(Records supplied Opens)
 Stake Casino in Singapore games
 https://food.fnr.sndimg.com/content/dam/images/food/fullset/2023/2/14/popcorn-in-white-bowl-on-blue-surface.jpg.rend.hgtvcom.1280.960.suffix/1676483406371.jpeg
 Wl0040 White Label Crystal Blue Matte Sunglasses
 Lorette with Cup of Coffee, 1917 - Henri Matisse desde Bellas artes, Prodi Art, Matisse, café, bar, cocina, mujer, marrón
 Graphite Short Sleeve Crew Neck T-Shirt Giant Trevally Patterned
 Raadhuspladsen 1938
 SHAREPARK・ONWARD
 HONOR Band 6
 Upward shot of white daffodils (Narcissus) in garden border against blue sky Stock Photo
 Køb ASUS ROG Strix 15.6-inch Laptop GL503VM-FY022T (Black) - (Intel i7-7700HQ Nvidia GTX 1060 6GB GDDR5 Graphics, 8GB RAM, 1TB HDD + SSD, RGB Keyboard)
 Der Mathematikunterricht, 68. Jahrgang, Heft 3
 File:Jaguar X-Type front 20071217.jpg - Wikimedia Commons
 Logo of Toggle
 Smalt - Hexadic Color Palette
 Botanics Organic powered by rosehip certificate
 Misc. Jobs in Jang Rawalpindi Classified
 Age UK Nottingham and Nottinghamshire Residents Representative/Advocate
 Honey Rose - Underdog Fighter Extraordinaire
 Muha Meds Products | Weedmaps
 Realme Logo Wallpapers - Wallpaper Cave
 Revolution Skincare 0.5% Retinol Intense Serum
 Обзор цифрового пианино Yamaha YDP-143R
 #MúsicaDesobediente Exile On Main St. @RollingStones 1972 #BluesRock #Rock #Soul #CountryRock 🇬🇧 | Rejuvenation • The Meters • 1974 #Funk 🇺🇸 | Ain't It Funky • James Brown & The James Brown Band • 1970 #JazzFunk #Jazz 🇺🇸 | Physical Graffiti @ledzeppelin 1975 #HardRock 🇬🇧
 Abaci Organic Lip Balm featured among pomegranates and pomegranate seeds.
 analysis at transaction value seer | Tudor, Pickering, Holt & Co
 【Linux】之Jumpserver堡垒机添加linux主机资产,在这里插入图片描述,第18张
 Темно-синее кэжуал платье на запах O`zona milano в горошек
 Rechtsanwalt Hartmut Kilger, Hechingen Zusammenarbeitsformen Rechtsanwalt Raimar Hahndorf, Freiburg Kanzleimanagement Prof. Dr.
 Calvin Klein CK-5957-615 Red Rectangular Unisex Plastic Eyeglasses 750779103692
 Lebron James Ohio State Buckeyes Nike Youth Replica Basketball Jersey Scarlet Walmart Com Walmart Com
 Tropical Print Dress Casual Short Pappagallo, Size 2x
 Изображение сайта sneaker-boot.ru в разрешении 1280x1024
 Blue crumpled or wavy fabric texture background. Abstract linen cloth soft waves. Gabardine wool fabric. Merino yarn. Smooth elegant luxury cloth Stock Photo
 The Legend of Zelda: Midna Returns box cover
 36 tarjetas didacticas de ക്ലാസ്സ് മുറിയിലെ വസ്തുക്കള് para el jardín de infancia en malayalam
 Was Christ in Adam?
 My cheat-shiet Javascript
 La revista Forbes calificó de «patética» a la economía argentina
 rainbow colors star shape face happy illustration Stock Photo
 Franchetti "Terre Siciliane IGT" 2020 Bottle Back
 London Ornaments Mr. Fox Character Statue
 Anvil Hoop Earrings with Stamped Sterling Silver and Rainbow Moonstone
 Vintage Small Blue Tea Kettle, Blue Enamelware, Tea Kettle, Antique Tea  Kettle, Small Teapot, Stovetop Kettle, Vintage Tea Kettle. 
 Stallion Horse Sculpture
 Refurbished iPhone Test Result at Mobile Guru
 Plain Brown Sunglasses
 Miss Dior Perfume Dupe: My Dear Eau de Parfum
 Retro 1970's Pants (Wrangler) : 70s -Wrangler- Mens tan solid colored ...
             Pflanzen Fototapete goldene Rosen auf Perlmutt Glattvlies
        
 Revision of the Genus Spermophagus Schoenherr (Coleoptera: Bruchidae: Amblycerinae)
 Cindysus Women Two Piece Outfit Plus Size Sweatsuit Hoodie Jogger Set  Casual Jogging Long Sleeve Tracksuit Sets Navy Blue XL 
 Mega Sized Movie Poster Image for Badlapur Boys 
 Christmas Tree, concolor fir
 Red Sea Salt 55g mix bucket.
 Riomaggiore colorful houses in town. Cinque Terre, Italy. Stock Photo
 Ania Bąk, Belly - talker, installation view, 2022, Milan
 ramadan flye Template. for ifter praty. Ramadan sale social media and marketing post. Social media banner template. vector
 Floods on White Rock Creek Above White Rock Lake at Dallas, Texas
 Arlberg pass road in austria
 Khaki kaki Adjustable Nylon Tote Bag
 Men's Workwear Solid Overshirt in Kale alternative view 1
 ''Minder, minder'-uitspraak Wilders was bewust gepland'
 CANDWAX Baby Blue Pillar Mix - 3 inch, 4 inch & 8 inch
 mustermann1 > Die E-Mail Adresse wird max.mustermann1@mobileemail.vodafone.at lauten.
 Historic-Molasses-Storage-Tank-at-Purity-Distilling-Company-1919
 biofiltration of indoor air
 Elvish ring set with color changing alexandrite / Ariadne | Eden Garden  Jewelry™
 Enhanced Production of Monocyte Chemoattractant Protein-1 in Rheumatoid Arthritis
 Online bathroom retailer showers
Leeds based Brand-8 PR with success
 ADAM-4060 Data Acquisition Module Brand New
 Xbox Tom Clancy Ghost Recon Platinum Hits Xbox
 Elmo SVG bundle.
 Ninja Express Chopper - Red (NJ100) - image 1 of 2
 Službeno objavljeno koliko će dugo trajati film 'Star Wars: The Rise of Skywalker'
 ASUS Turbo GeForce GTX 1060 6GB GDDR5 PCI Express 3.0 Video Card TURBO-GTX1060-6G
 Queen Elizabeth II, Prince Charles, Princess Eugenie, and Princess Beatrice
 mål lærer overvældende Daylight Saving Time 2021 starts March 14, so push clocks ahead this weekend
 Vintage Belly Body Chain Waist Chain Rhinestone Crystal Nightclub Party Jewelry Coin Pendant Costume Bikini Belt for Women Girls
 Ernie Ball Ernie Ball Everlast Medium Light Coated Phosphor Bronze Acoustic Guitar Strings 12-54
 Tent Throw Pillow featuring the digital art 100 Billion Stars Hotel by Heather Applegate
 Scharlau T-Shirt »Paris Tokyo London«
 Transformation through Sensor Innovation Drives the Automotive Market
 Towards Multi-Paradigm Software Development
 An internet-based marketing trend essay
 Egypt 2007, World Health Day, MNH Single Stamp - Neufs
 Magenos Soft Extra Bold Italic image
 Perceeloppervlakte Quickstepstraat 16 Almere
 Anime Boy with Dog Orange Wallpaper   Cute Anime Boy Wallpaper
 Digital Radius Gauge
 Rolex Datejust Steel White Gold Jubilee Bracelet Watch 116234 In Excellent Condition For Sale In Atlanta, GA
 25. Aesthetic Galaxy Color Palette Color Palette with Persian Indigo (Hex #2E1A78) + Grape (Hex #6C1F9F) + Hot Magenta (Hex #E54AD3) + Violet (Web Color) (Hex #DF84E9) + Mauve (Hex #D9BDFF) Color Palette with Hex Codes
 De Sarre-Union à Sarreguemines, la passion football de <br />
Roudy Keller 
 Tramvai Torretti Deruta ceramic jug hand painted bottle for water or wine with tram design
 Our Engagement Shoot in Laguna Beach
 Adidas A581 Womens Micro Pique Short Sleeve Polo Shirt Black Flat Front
(Records supplied Closes)
**Directions:** Your task is to retype the data exactly, with no line missing.

**Response below:**
 Stake Casino in Singapore games
 https://food.fnr.sndimg.com/content/dam/images/food/fullset/2023/2/14/popcorn-in-white-bowl-on-blue-surface.jpg.rend.hgtvcom.1280.960.suffix/1676483406371.jpeg
 Wl0040 White Label Crystal Blue Matte Sunglasses
 Lorette with Cup of Coffee, 1917 - Henri Matisse desde Bellas artes, Prodi Art, Matisse, café, bar, cocina, mujer, marrón
 Graphite Short Sleeve Crew Neck T-Shirt Giant Trevally Patterned
 Raadhuspladsen 1938
 SHAREPARK・ONWARD
 HONOR Band 6
 Upward shot of white daffodils (Narcissus) in garden border against blue sky Stock Photo
 Køb ASUS ROG Strix 15.6-inch Laptop GL503VM-FY022T (Black) - (Intel i7-7700HQ Nvidia GTX 1060 6GB GDDR5 Graphics, 8GB RAM, 1TB HDD + SSD, RGB Keyboard)
 Der Mathematikunterricht, 68. Jahrgang, Heft 3
 File:Jaguar X-Type front 20071217.jpg - Wikimedia Commons
 Logo of Toggle
 Smalt - Hexadic Color Palette
 Botanics Organic powered by rosehip certificate
 Misc. Jobs in Jang Rawalpindi Classified
 Age UK Nottingham and Nottinghamshire Residents Representative/Advocate
 Honey Rose - Underdog Fighter Extraordinaire
 Muha Meds Products | Weedmaps
 Realme Logo Wallpapers - Wallpaper Cave
 Revolution Skincare 0.5% Retinol Intense Serum
 Обзор цифрового пианино Yamaha YDP-143R
 #MúsicaDesobediente Exile On Main St. @RollingStones 1972 #BluesRock #Rock #Soul #CountryRock 🇬🇧 | Rejuvenation • The Meters • 1974 #Funk 🇺🇸 | Ain't It Funky • James Brown & The James Brown Band • 1970 #JazzFunk #Jazz 🇺🇸 | Physical Graffiti @ledzeppelin 1975 #HardRock 🇬🇧
 Abaci Organic Lip Balm featured among pomegranates and pomegranate seeds.
 analysis at transaction value seer | Tudor, Pickering, Holt & Co
 【Linux】之Jumpserver堡垒机添加linux主机资产,在这里插入图片描述,第18张
 Темно-синее кэжуал платье на запах O`zona milano в горошек
 Rechtsanwalt Hartmut Kilger, Hechingen Zusammenarbeitsformen Rechtsanwalt Raimar Hahndorf, Freiburg Kanzleimanagement Prof. Dr.
 Calvin Klein CK-5957-615 Red Rectangular Unisex Plastic Eyeglasses 750779103692
 Lebron James Ohio State Buckeyes Nike Youth Replica Basketball Jersey Scarlet Walmart Com Walmart Com
 Tropical Print Dress Casual Short Pappagallo, Size 2x
 Изображение сайта sneaker-boot.ru в разрешении 1280x1024
 Blue crumpled or wavy fabric texture background. Abstract linen cloth soft waves. Gabardine wool fabric. Merino yarn. Smooth elegant luxury cloth Stock Photo
 The Legend of Zelda: Midna Returns box cover
 36 tarjetas didacticas de ക്ലാസ്സ് മുറിയിലെ വസ്തുക്കള് para el jardín de infancia en malayalam
 Was Christ in Adam?
 My cheat-shiet Javascript
 La revista Forbes calificó de «patética» a la economía argentina
 rainbow colors star shape face happy illustration Stock Photo
 Franchetti "Terre Siciliane IGT" 2020 Bottle Back
 London Ornaments Mr. Fox Character Statue
 Anvil Hoop Earrings with Stamped Sterling Silver and Rainbow Moonstone
 Vintage Small Blue Tea Kettle, Blue Enamelware, Tea Kettle, Antique Tea  Kettle, Small Teapot, Stovetop Kettle, Vintage Tea Kettle. 
 Stallion Horse Sculpture
 Refurbished iPhone Test Result at Mobile Guru
 Plain Brown Sunglasses
 Miss Dior Perfume Dupe: My Dear Eau de Parfum
 Retro 1970's Pants (Wrangler) : 70s -Wrangler- Mens tan solid colored ...
             Pflanzen Fototapete goldene Rosen auf Perlmutt Glattvlies
        
 Revision of the Genus Spermophagus Schoenherr (Coleoptera: Bruchidae: Amblycerinae)
 Cindysus Women Two Piece Outfit Plus Size Sweatsuit Hoodie Jogger Set  Casual Jogging Long Sleeve Tracksuit Sets Navy Blue XL 
 Mega Sized Movie Poster Image for Badlapur Boys 
 Christmas Tree, concolor fir
 Red Sea Salt 55g mix bucket.
 Riomaggiore colorful houses in town. Cinque Terre, Italy. Stock Photo
 Ania Bąk, Belly - talker, installation view, 2022, Milan
 ramadan flye Template. for ifter praty. Ramadan sale social media and marketing post. Social media banner template. vector
 Floods on White Rock Creek Above White Rock Lake at Dallas, Texas
 Arlberg pass road in austria
 Khaki kaki Adjustable Nylon Tote Bag
 Men's Workwear Solid Overshirt in Kale alternative view 1
 ''Minder, minder'-uitspraak Wilders was bewust gepland'
 CANDWAX Baby Blue Pillar Mix - 3 inch, 4 inch & 8 inch
 mustermann1 > Die E-Mail Adresse wird max.mustermann1@mobileemail.vodafone.at lauten.
 Historic-Molasses-Storage-Tank-at-Purity-Distilling-Company-1919
 biofiltration of indoor air
 Elvish ring set with color changing alexandrite / Ariadne | Eden Garden  Jewelry™
 Enhanced Production of Monocyte Chemoattractant Protein-1 in Rheumatoid Arthritis
 Online bathroom retailer showers
Leeds based Brand-8 PR with success
 ADAM-4060 Data Acquisition Module Brand New
 Xbox Tom Clancy Ghost Recon Platinum Hits Xbox
 Elmo SVG bundle.
 Ninja Express Chopper - Red (NJ100) - image 1 of 2
 Službeno objavljeno koliko će dugo trajati film 'Star Wars: The Rise of Skywalker'
 ASUS Turbo GeForce GTX 1060 6GB GDDR5 PCI Express 3.0 Video Card TURBO-GTX1060-6G
 Queen Elizabeth II, Prince Charles, Princess Eugenie, and Princess Beatrice
 mål lærer overvældende Daylight Saving Time 2021 starts March 14, so push clocks ahead this weekend
 Vintage Belly Body Chain Waist Chain Rhinestone Crystal Nightclub Party Jewelry Coin Pendant Costume Bikini Belt for Women Girls
 Ernie Ball Ernie Ball Everlast Medium Light Coated Phosphor Bronze Acoustic Guitar Strings 12-54
 Tent Throw Pillow featuring the digital art 100 Billion Stars Hotel by Heather Applegate
 Scharlau T-Shirt »Paris Tokyo London«
 Transformation through Sensor Innovation Drives the Automotive Market
 Towards Multi-Paradigm Software Development
 An internet-based marketing trend essay
 Egypt 2007, World Health Day, MNH Single Stamp - Neufs
 Magenos Soft Extra Bold Italic image
 Perceeloppervlakte Quickstepstraat 16 Almere
 Anime Boy with Dog Orange Wallpaper   Cute Anime Boy Wallpaper
 Digital Radius Gauge
 Rolex Datejust Steel White Gold Jubilee Bracelet Watch 116234 In Excellent Condition For Sale In Atlanta, GA
 25. Aesthetic Galaxy Color Palette Color Palette with Persian Indigo (Hex #2E1A78) + Grape (Hex #6C1F9F) + Hot Magenta (Hex #E54AD3) + Violet (Web Color) (Hex #DF84E9) + Mauve (Hex #D9BDFF) Color Palette with Hex Codes
 De Sarre-Union à Sarreguemines, la passion football de <br />
Roudy Keller 
 Tramvai Torretti Deruta ceramic jug hand painted bottle for water or wine with tram design
 Our Engagement Shoot in Laguna Beach
 Adidas A581 Womens Micro Pique Short Sleeve Polo Shirt Black Flat Front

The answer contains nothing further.